**AIM OF THE TASK**
Using the records that follow, reproduce exactly the lines starting at the line containing "Daxton Premium Detroit" and ending at the line containing "Metalflex Alazer m/152". Include both end lines and no pictures.

**SUPPLIED MATERIAL**
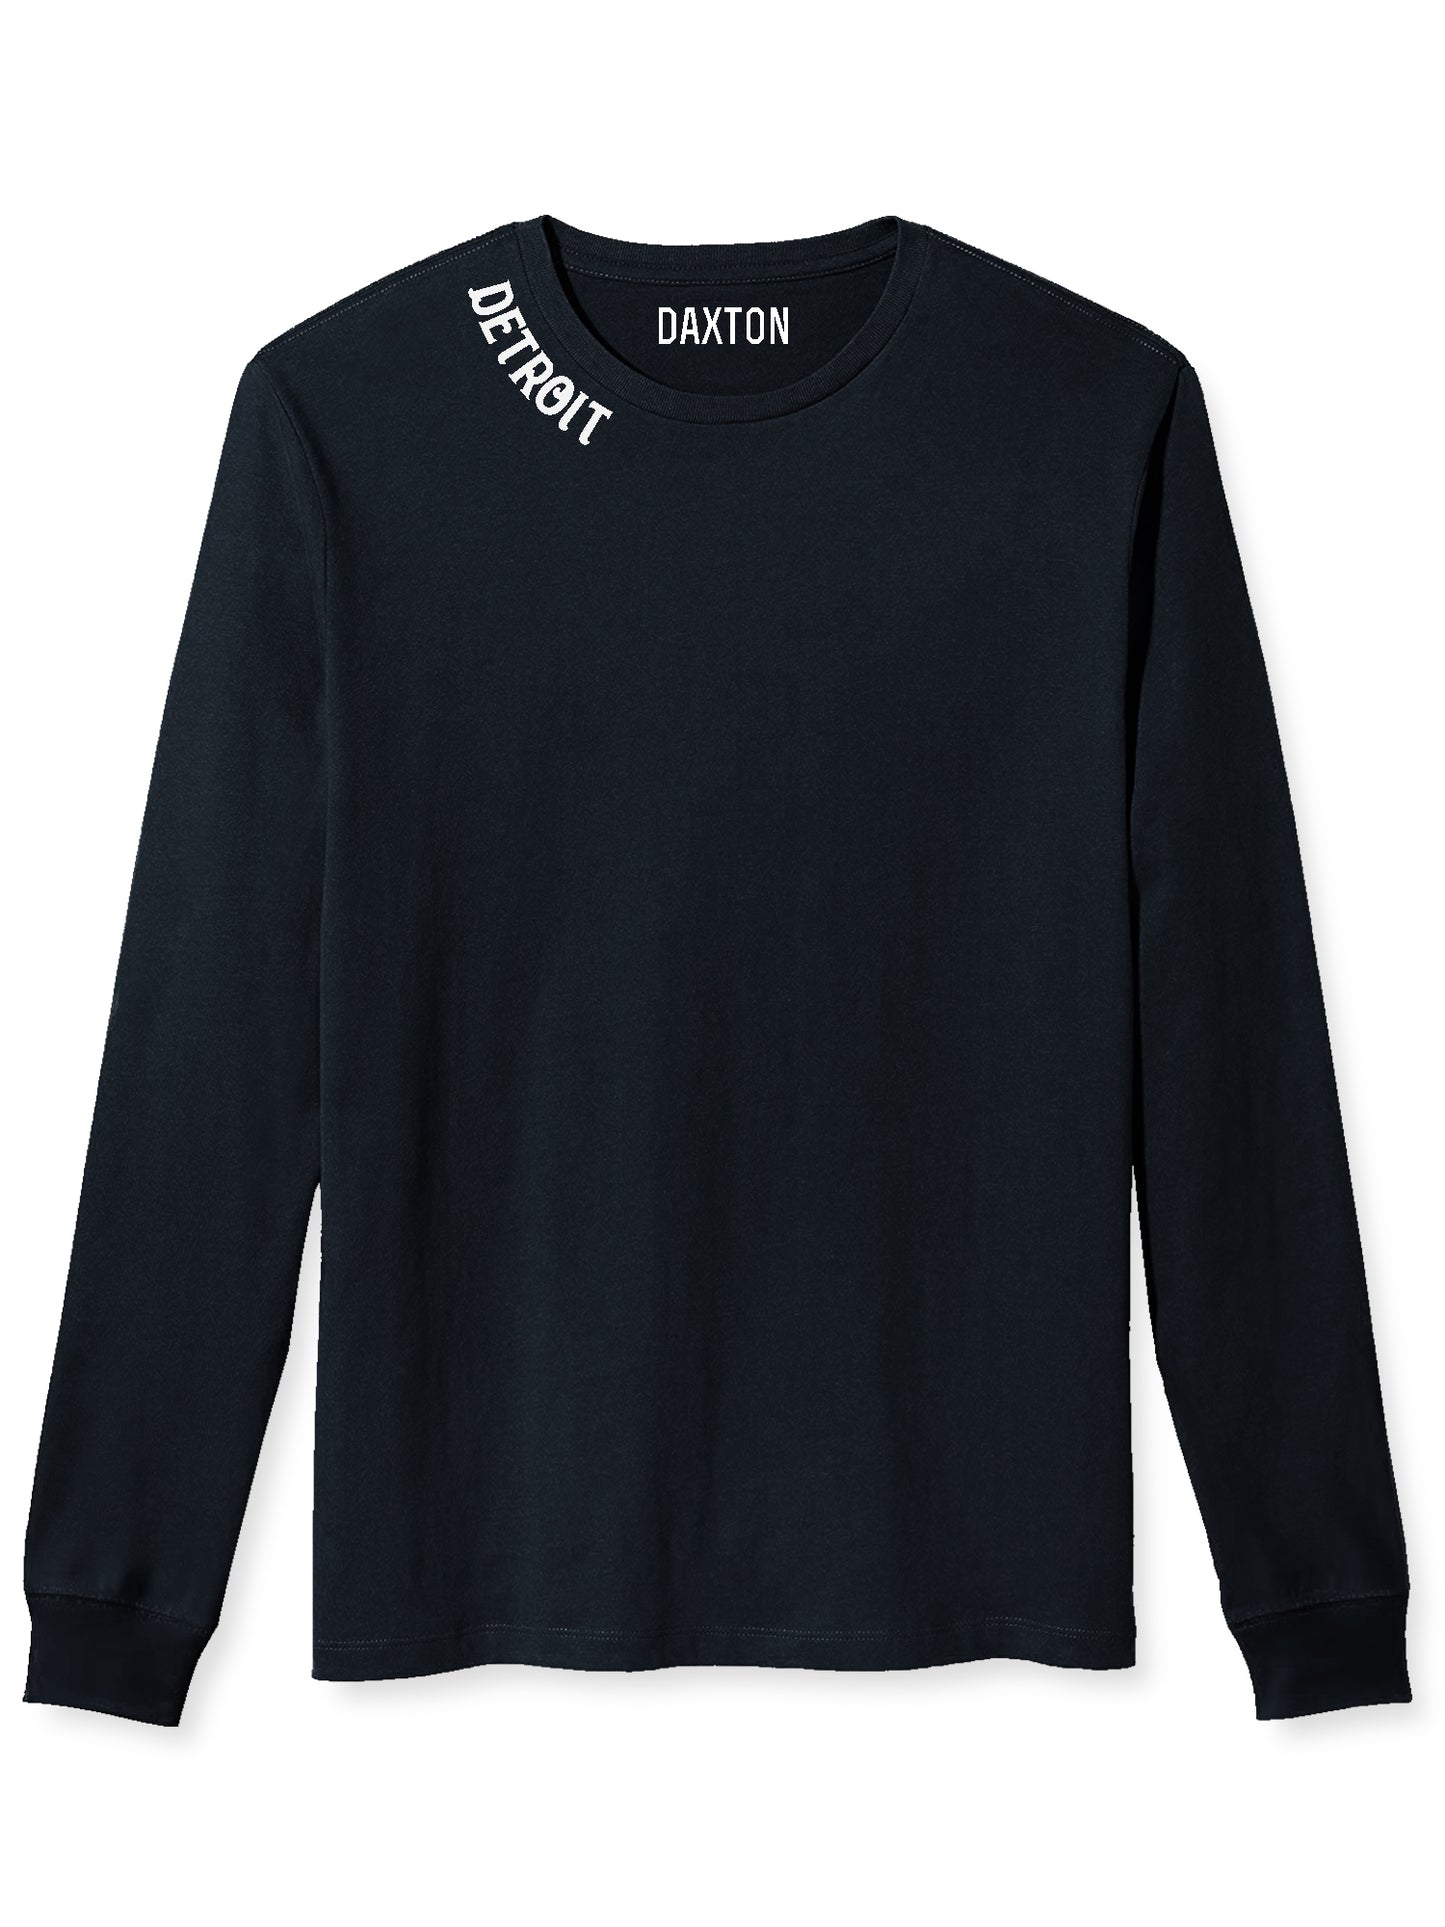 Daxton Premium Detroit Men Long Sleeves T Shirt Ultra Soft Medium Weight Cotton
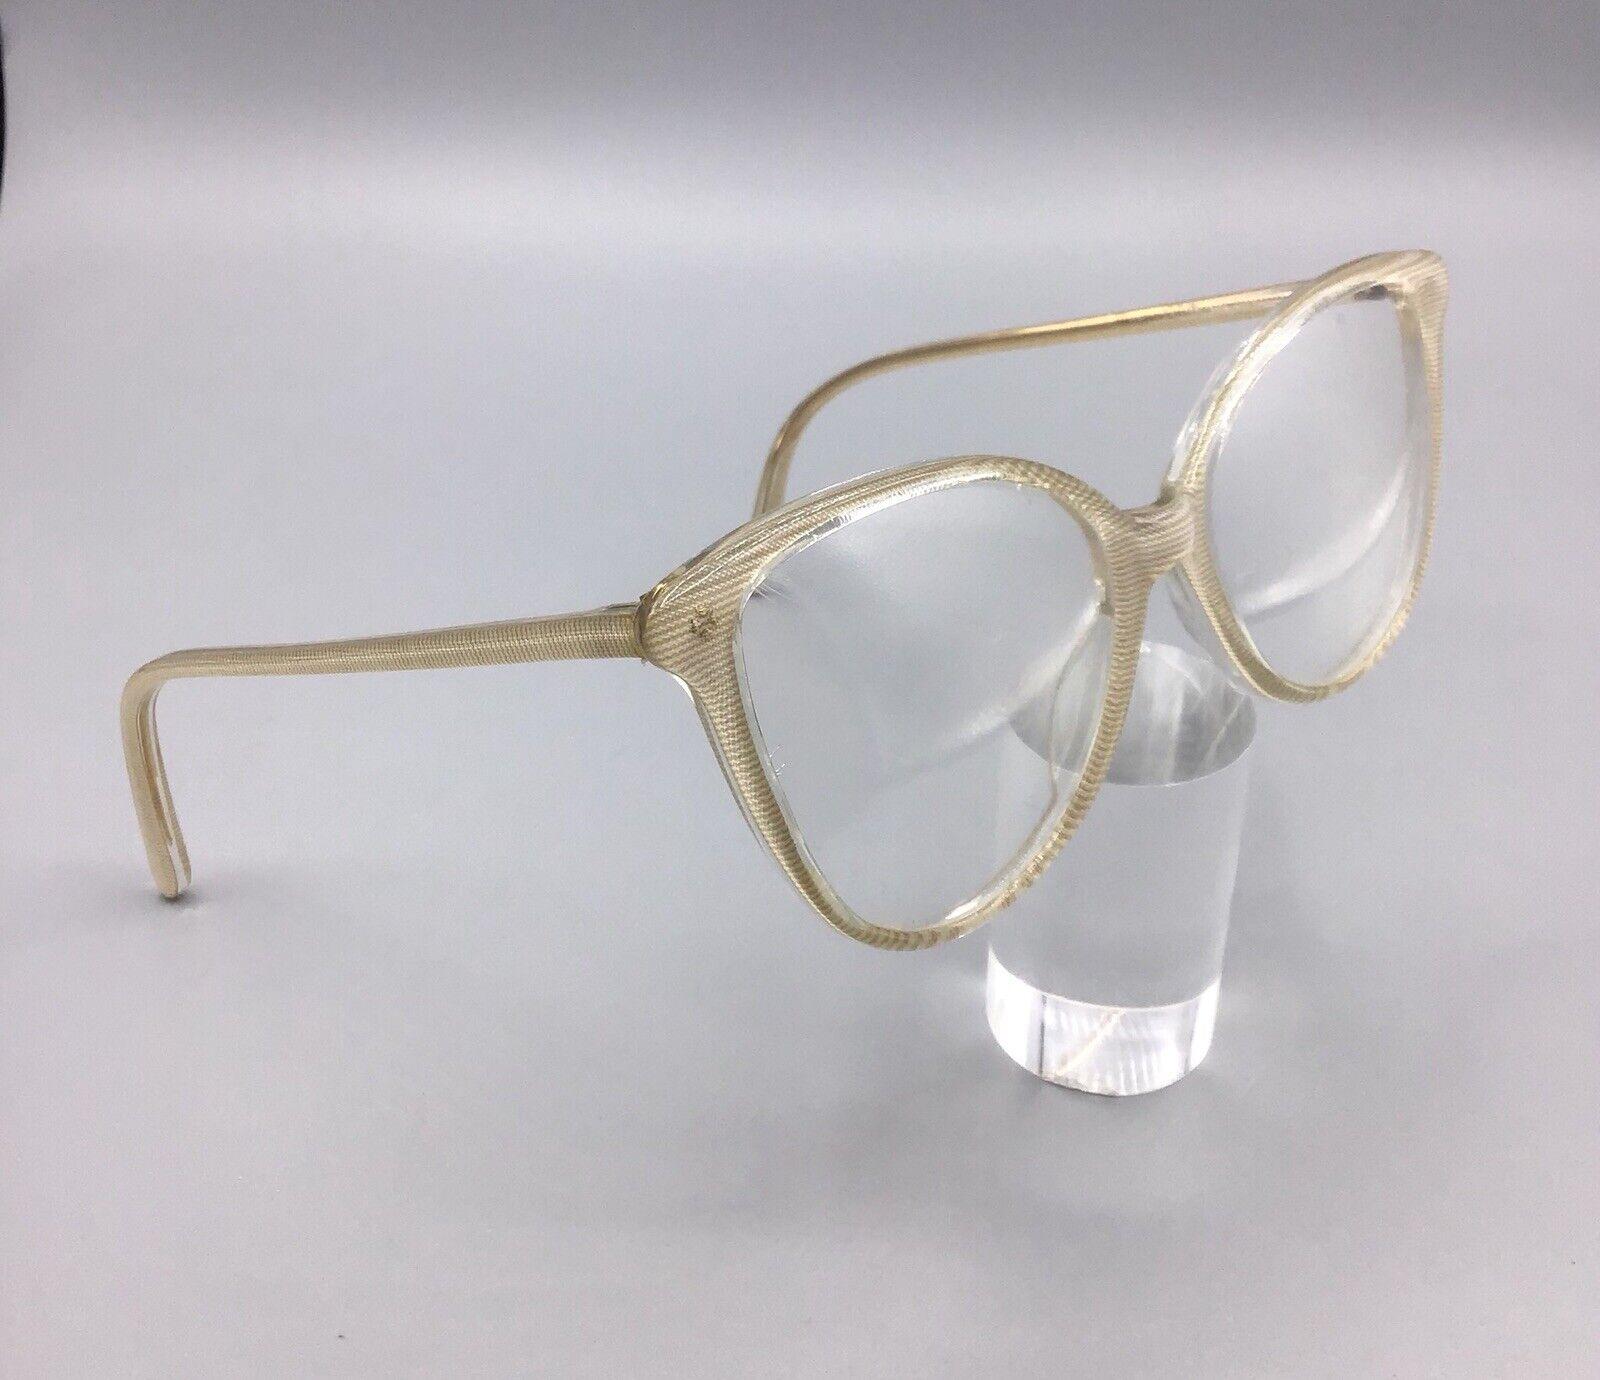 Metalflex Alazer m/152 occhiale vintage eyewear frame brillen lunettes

...

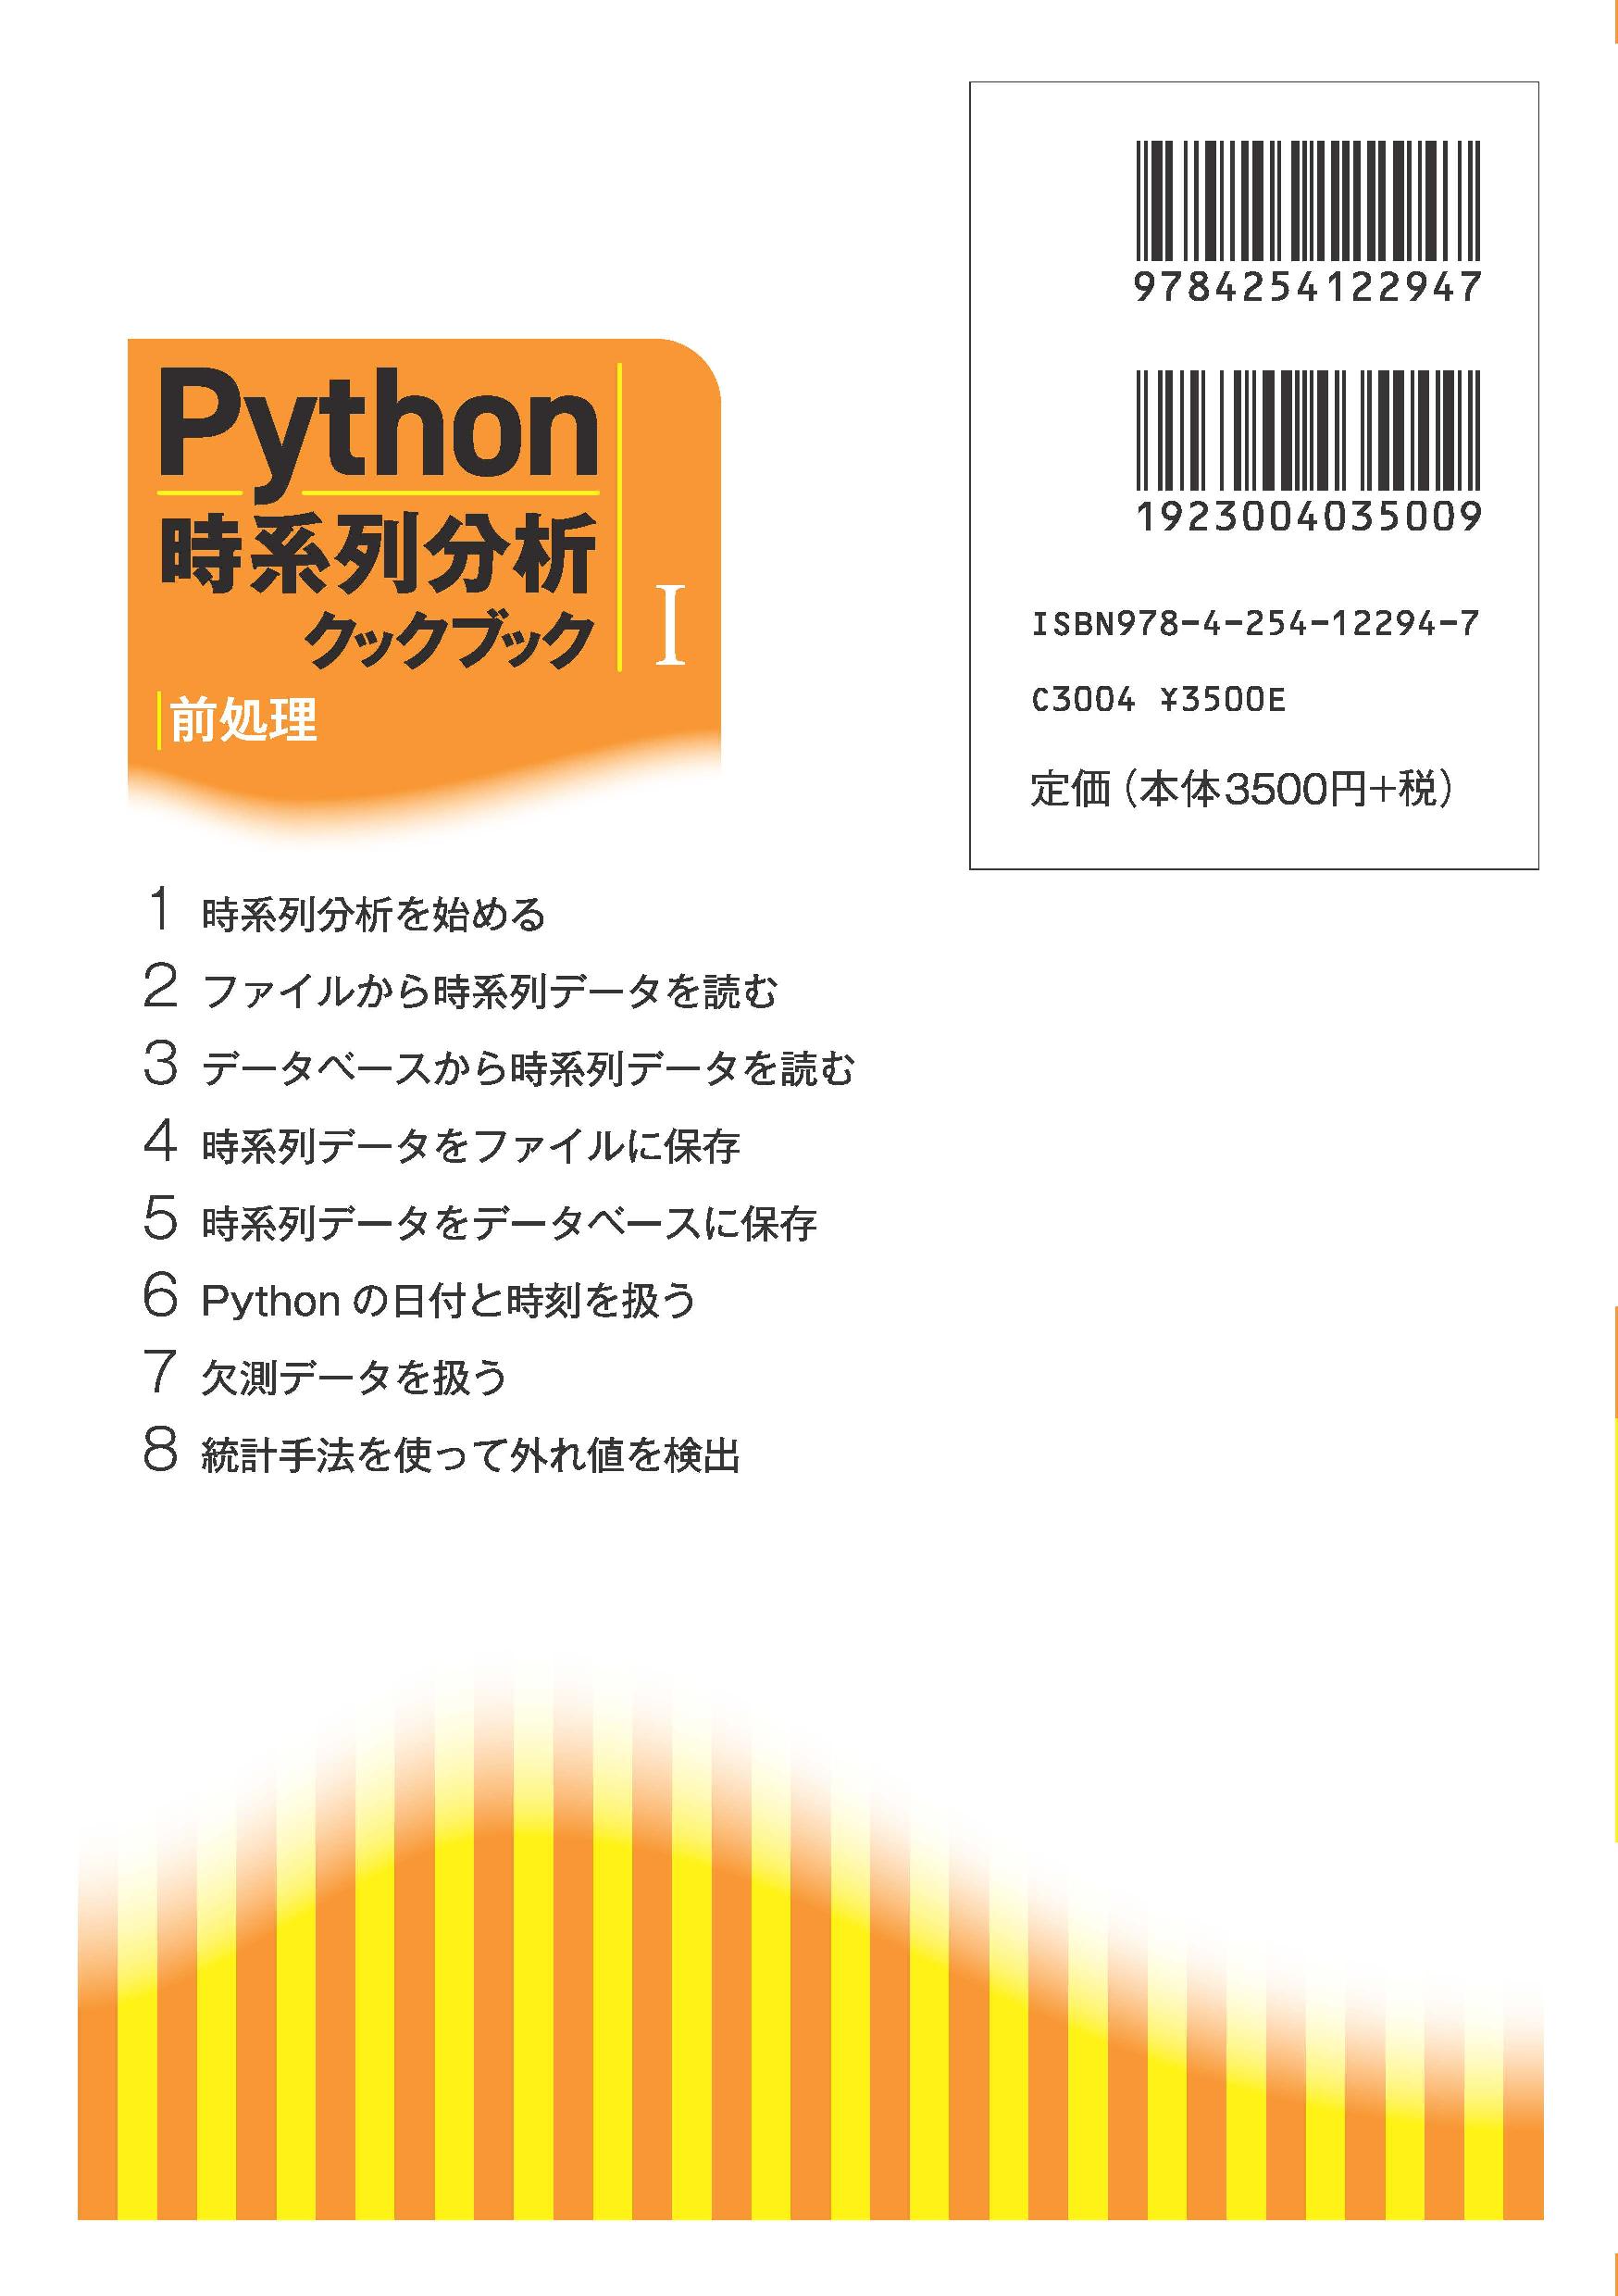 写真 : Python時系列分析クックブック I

**FINAL ANSWER**
 Daxton Premium Detroit Men Long Sleeves T Shirt Ultra Soft Medium Weight Cotton
 Metalflex Alazer m/152 occhiale vintage eyewear frame brillen lunettes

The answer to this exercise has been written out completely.